Review ongoing advice regularly. If you already pay for ongoing advice, check periodically whether the returns and service justify the fees. Switching to a lower-cost platform or reducing the scope of advice may be appropriate as your situation stabilises.
Watch for regulatory changes. The FCA is currently consulting on simplifying rules around pensions and retirement advice. The aim is to make it easier for firms to offer one-off or simplified advice for specific decisions, rather than requiring a full holistic service. This could improve access for people like Tim who want targeted help without committing to ongoing management.
Sources
Key takeaways
- 69% of financial advice firm clients sought help with pensions and retirement, making it the most common reason people seek advice, according to the FCA's 2025 Financial Advice survey.
- Three in four people aged 45 or over with a defined contribution pension have no clear plan for how to access their savings, according to FCA research.
- Typical adviser fees are 1%–3% upfront and 0.5%–1% per year; on a £100,000 pot that is £1,000–£3,000 initially and up to £1,000 annually.
- You are legally required to take regulated advice before transferring a defined benefit pension worth £30,000 or more.
- The proportion of advisers willing to work with pots under £50,000 has fallen from 52% in 2019 to 25% in 2025, widening the advice gap for smaller savers.
Frequently asked questions
Is financial advice for pensions compulsory?
No, in most cases it is not. However, if you want to transfer a defined benefit pension with a transfer value of £30,000 or more, you are legally required to take regulated financial advice before doing so.
How much does pension financial advice typically cost?
Most advisers charge an initial fee of 1%–3% of the assets they advise on, plus an ongoing annual fee of 0.5%–1%. On a £100,000 pension pot, that means roughly £1,000–£3,000 upfront and £500–£1,000 per year.
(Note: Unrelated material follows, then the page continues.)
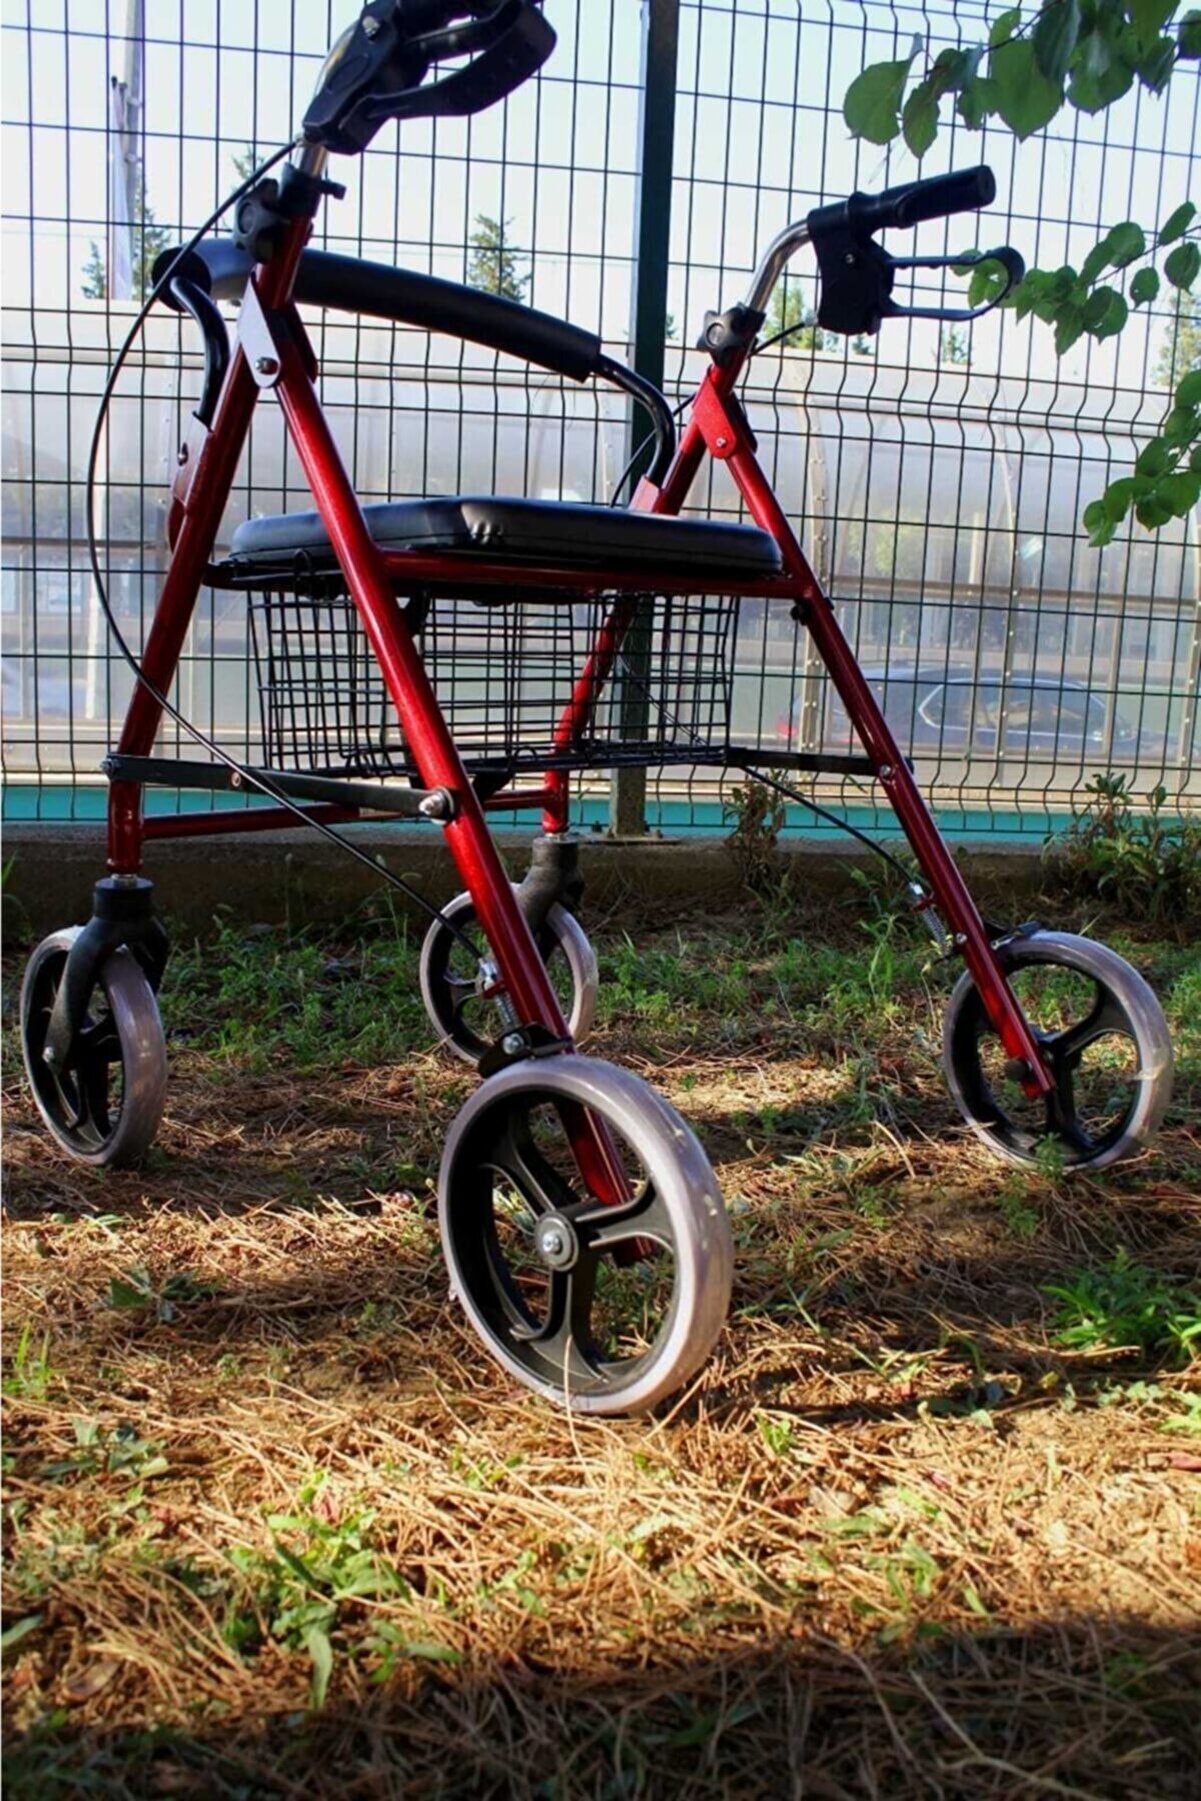 POYLİN Tekerlekli, Frenli, Sepetli Hasta Yardım Yürüteç Tekerlekli Sandalye

What if my pension pot is under £50,000?
It can be difficult to find an adviser willing to take you on. Research from The Lang Cat (2025) found that only 25% of advisers will work with clients who have less than £50,000, down from 52% in 2019.
Can I get one-off pension advice rather than ongoing advice?
It is possible but hard to find. Around nine in ten adviser clients receive ongoing advice, according to the FCA's 2025 Financial Adviser Survey. The FCA is currently consulting on simplifying rules to make one-off advice easier to access.